Lisa’s reflections on elements of her care package
1) Mental Health
A) Acute Day Treatment Unit
i) Group work with the Technical Instructors
This included art, craft, clay and computer work. Sessions aimed to increase motivation, reduce anxiety, build confidence and self-esteem, improve concentration, enable expression of the self, encourage socialisation, and develop rewarding activity that could be continued post-discharge. Specific to Lisa, these sessions also aimed to encourage the use of her left-side (particularly her hand) in order to build muscular strength.

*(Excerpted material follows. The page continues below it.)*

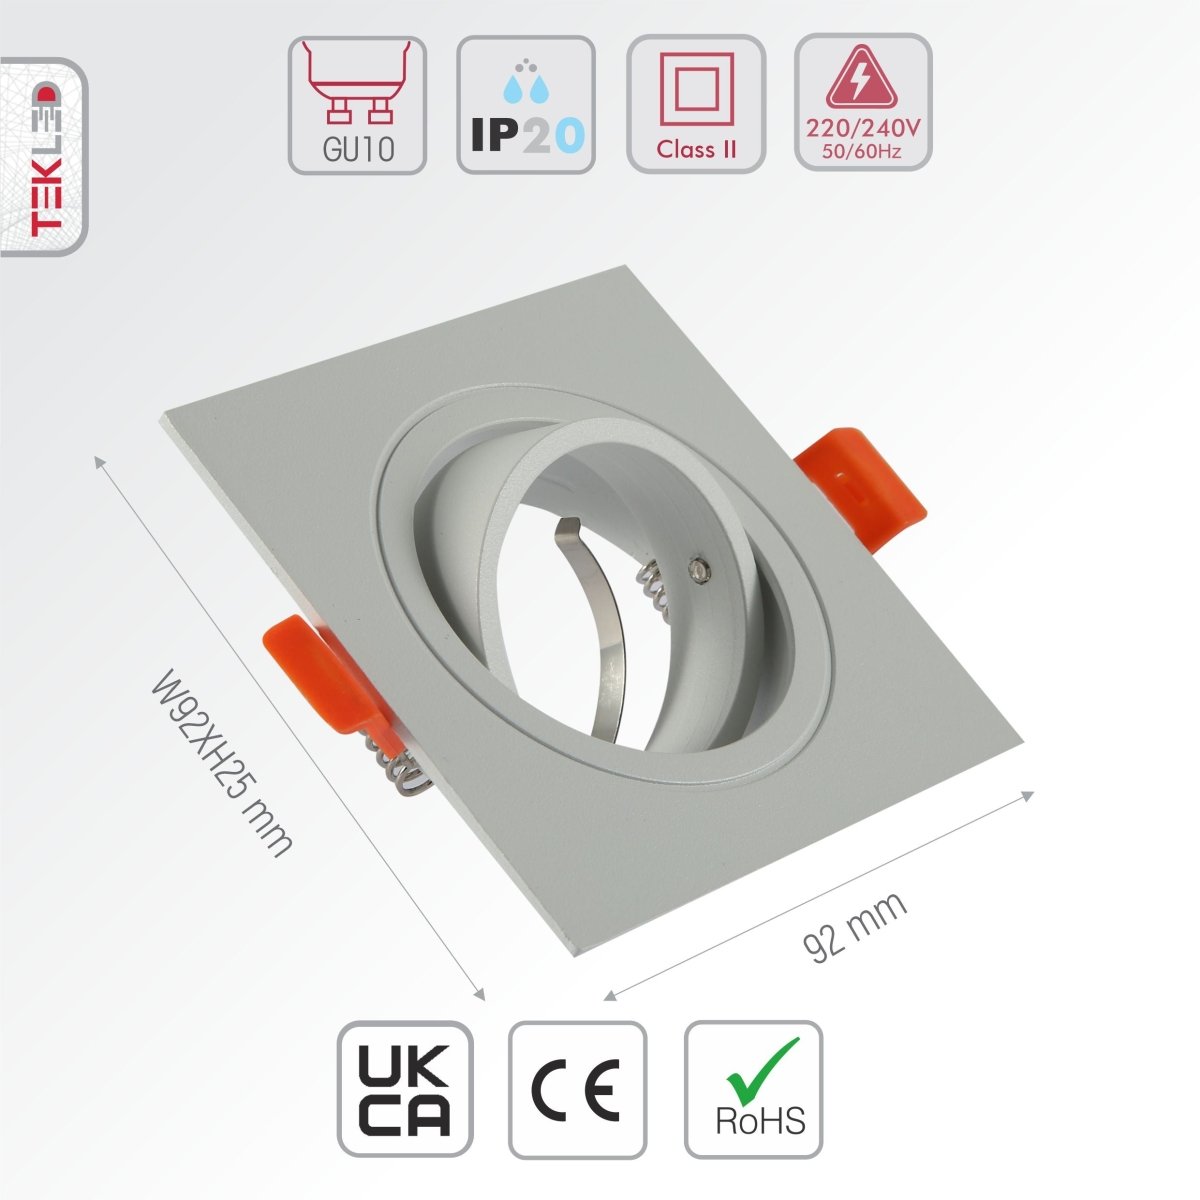 Size and specs of Square Recessed Tilt Downlight White with GU10 Fitting | TEKLED 165-03884
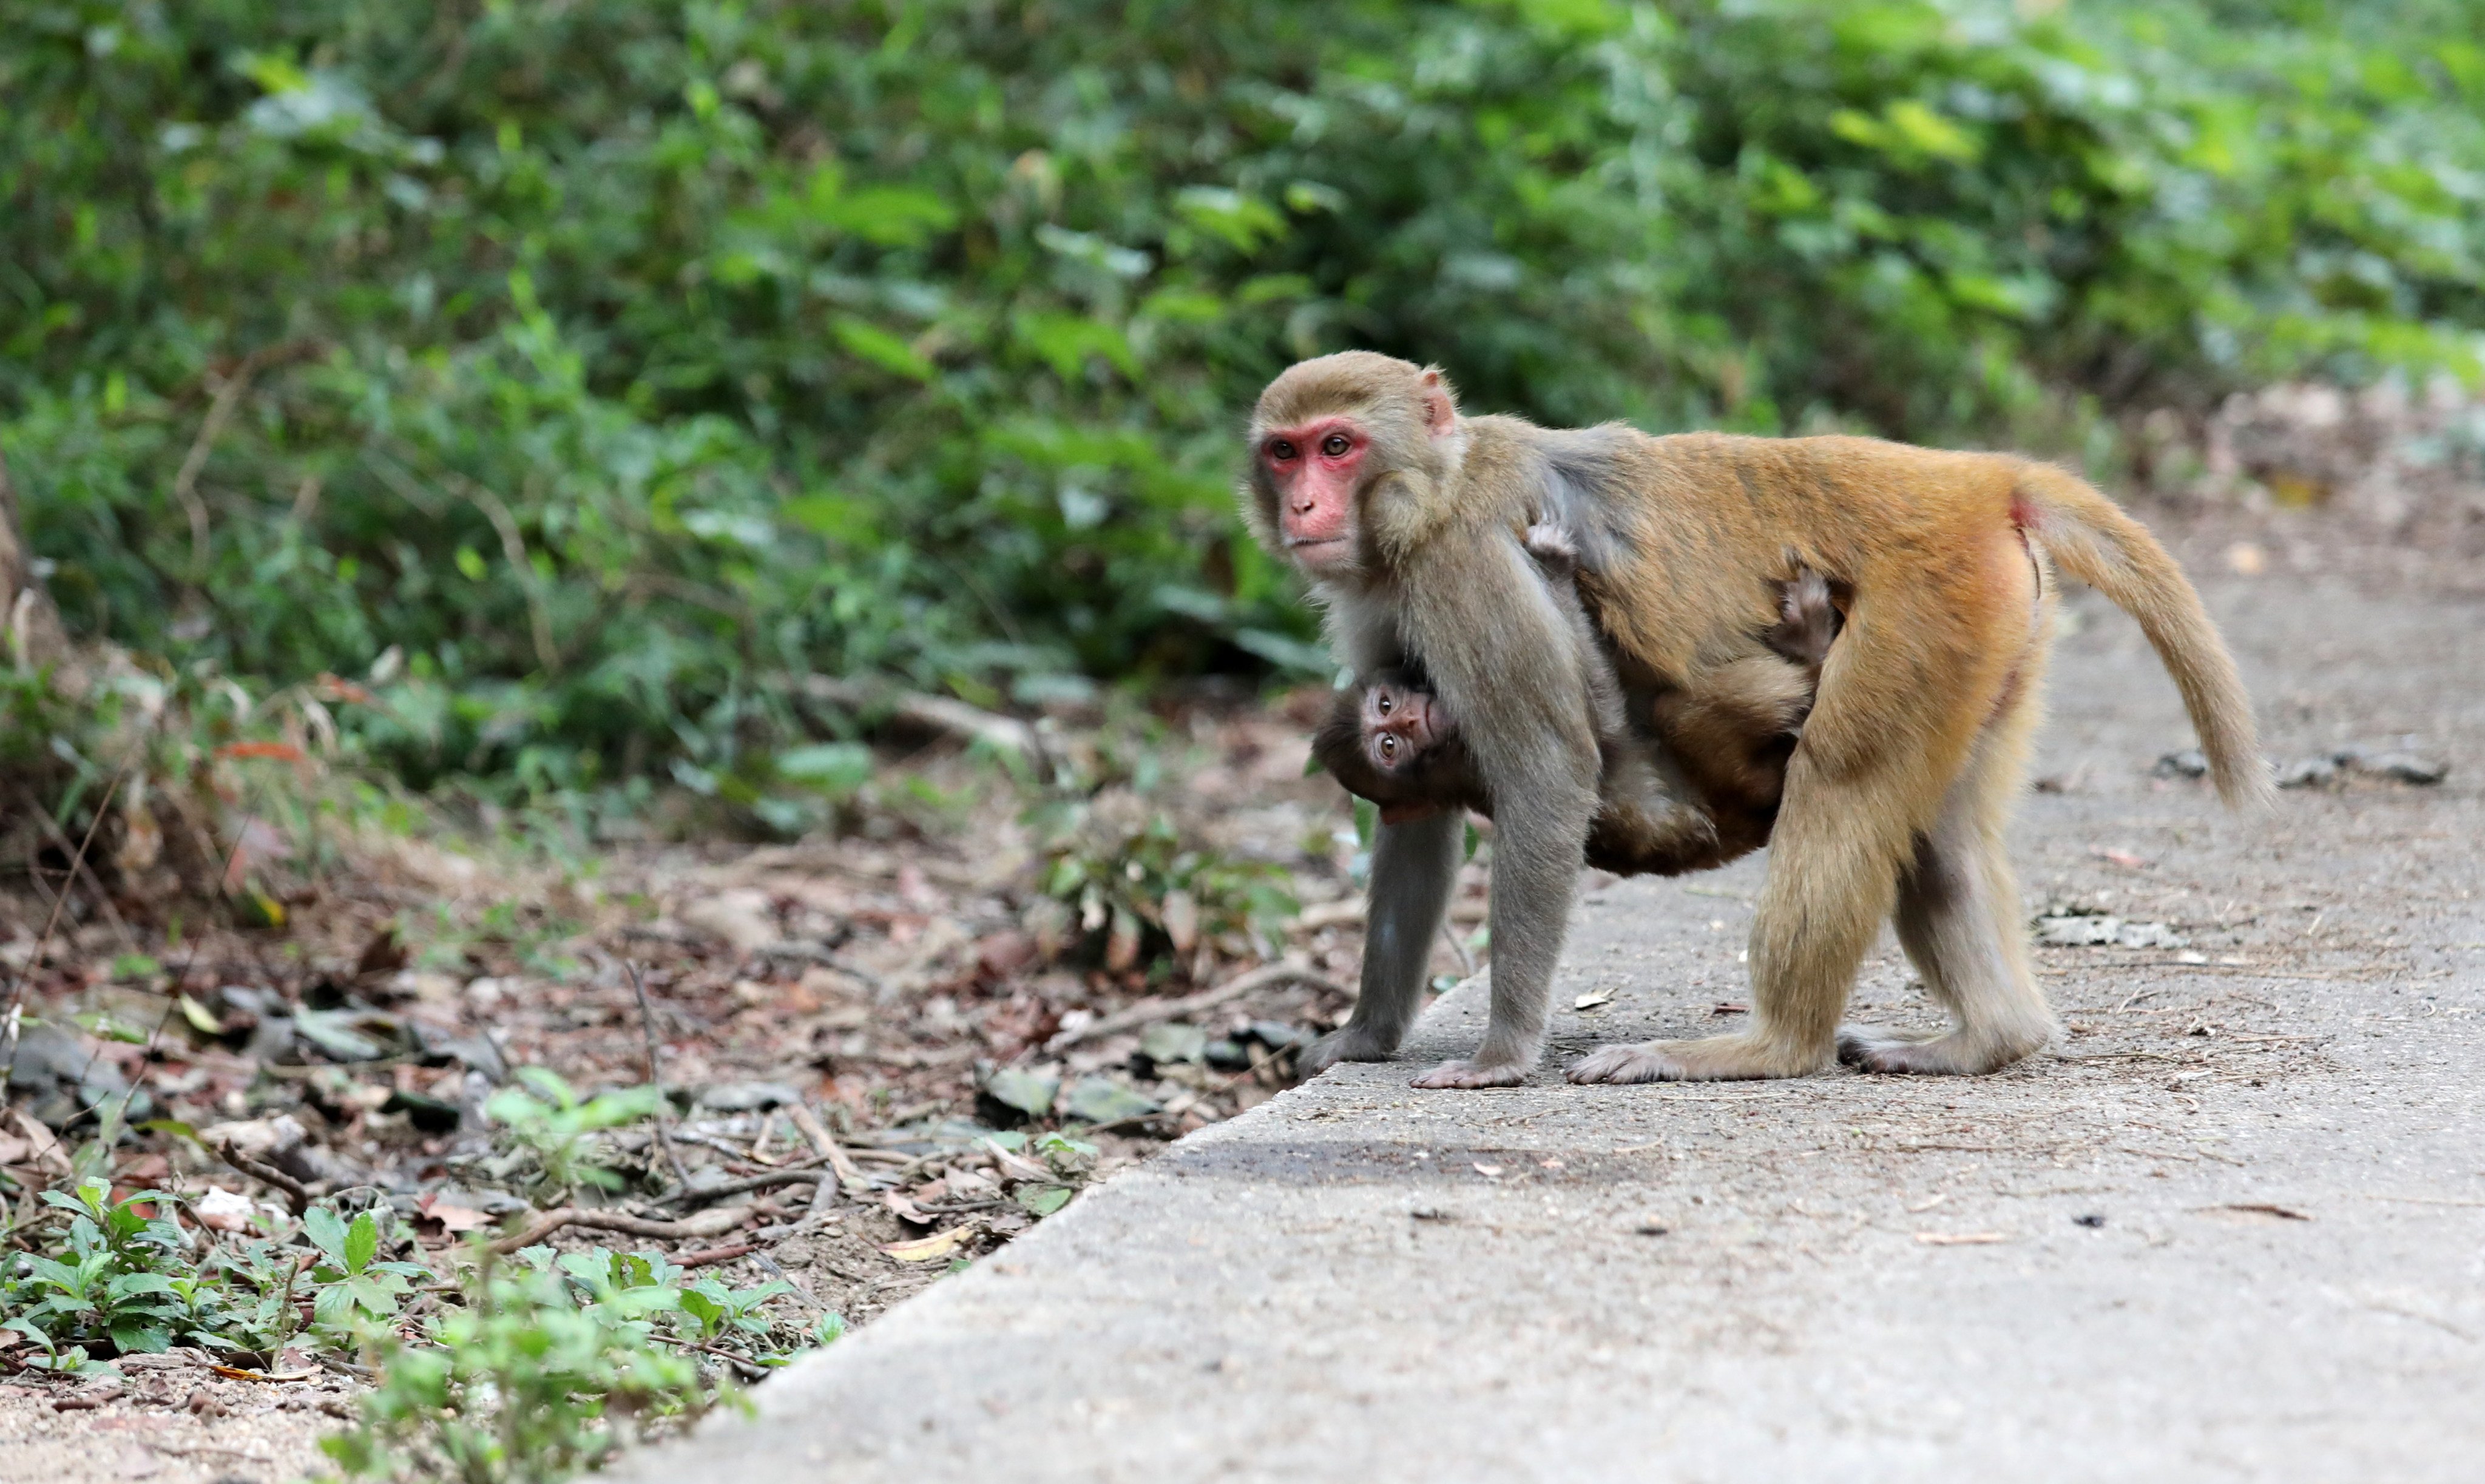 Wild monkeys in Hong Kong. Authorities have urged residents to keep their distance from the animals. Photo: Felix Wong

“I found this very beneficial due to building the strength in my left hand and also found mixed groups helped to socialise with others. It taught me the skills and ability to make things for family and friends, skills I could use at home to stop my mind wandering and to keep me focused. It built my self-esteem and helped me to take up new challenges. I was also helped by the encouragement I got, and feeling I was not being laughed at or made fun of.”
ii) Cookery with the Home Economist.
These sessions aimed to develop existing skills, build confidence, promote awareness of healthy eating, and encourage meal-planning within a budget. Again, specific to Lisa, these sessions also aimed to encourage use of her left-side.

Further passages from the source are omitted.